Code release for the paper PointRCNN:3D Object Proposal Generation and Detection from Point Cloud, CVPR 2019.

Authors: Shaoshuai Shi, Xiaogang Wang, Hongsheng Li.

[arXiv]  [Project Page] 

New: We have provided another implementation of PointRCNN for joint training with multi-class in a general 3D object detection toolbox [OpenPCDet].

Introduction

In this work, we propose the PointRCNN 3D object detector to directly generated accurate 3D box proposals from raw point cloud in a bottom-up manner, which are then refined in the canonical coordinate by the proposed bin-based 3D box regression loss. To the best of our knowledge, PointRCNN is the first two-stage 3D object detector for 3D object detection by using only the raw point cloud as input. PointRCNN is evaluated on the KITTI dataset and achieves state-of-the-art performance on the KITTI 3D object detection leaderboard among all published works at the time of submission.

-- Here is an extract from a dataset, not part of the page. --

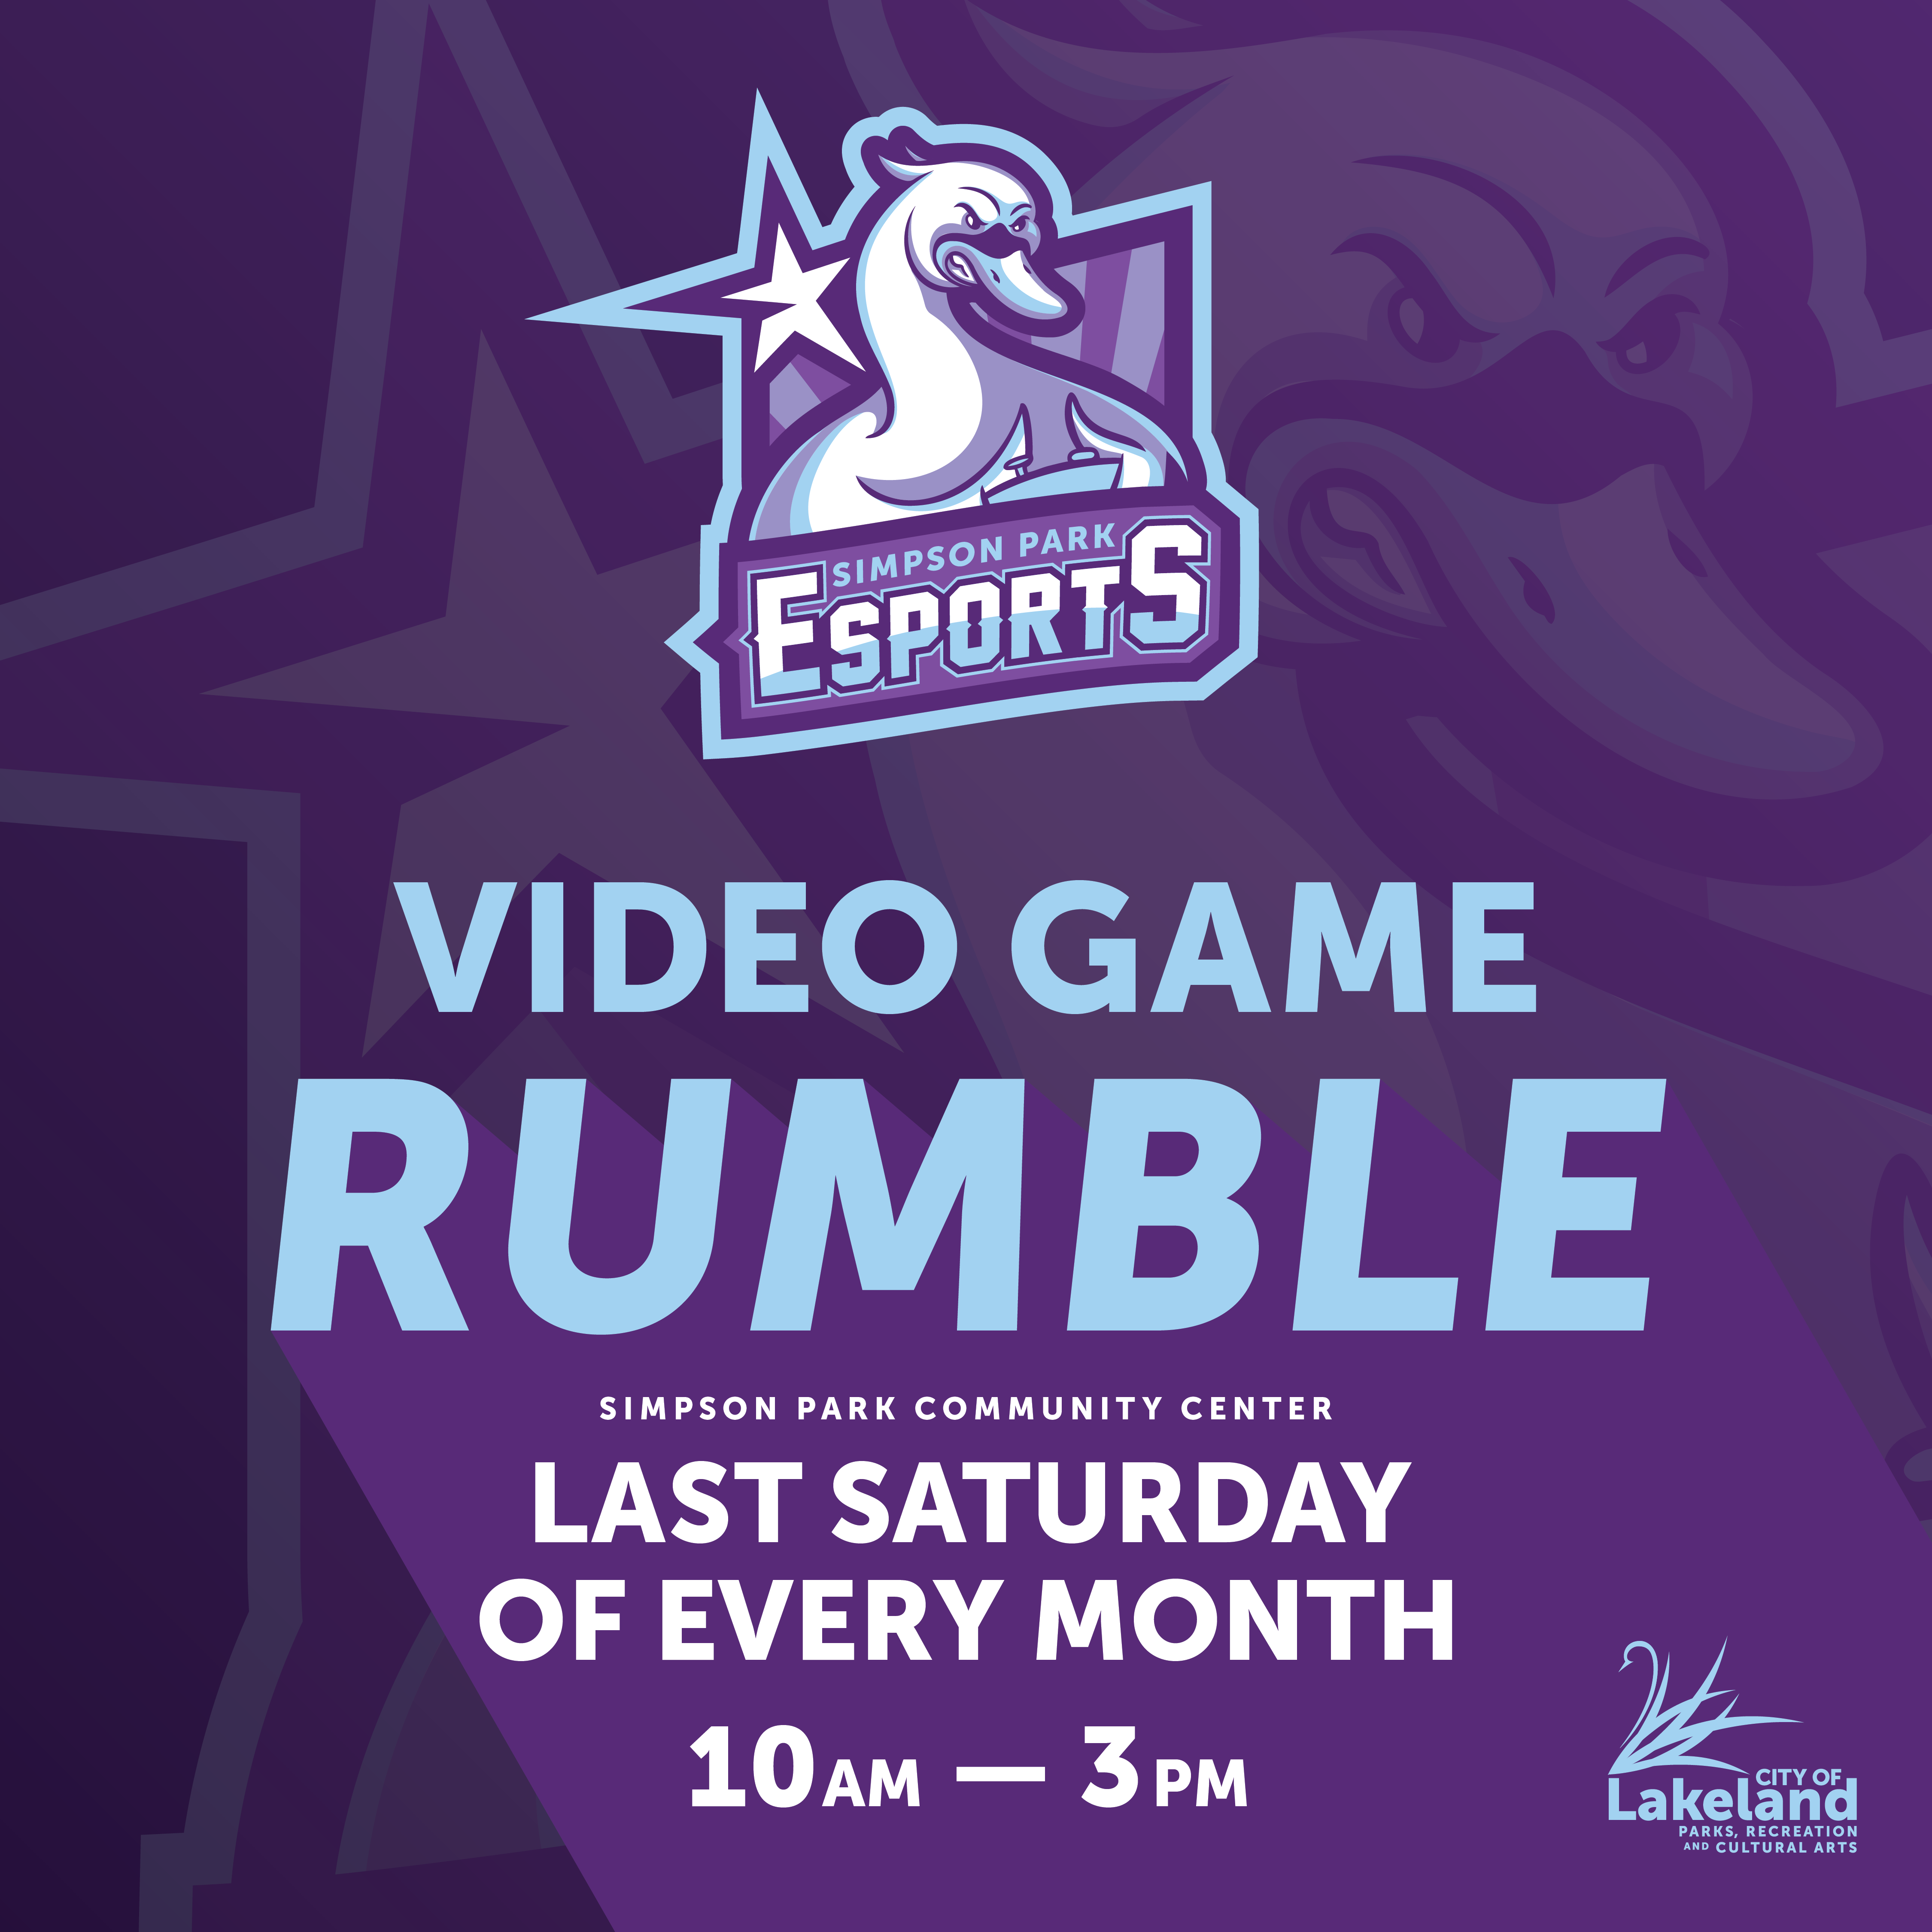 Video Game Rumble graphic - All info in text of the event.

For more details of PointRCNN, please refer to our paper or project page.

Supported features and ToDo list

  • Multiple GPUs for training
  • GPU version rotated NMS
  • Faster PointNet++ inference and training supported by Pointnet2.PyTorch
  • PyTorch 1.0
  • TensorboardX
  • Still in progress

Installation

Requirements

All the codes are tested in the following environment:

  • Linux (tested on Ubuntu 14.04/16.04)
  • Python 3.6+
  • PyTorch 1.0

Install PointRCNN

a. Clone the PointRCNN repository.

git clone --recursive https://github.com/sshaoshuai/PointRCNN.git

If you forget to add the --recursive parameter, just run the following command to clone the Pointnet2.PyTorch submodule.

git submodule update --init --recursive

b. Install the dependent python libraries like easydict,tqdm, tensorboardX etc.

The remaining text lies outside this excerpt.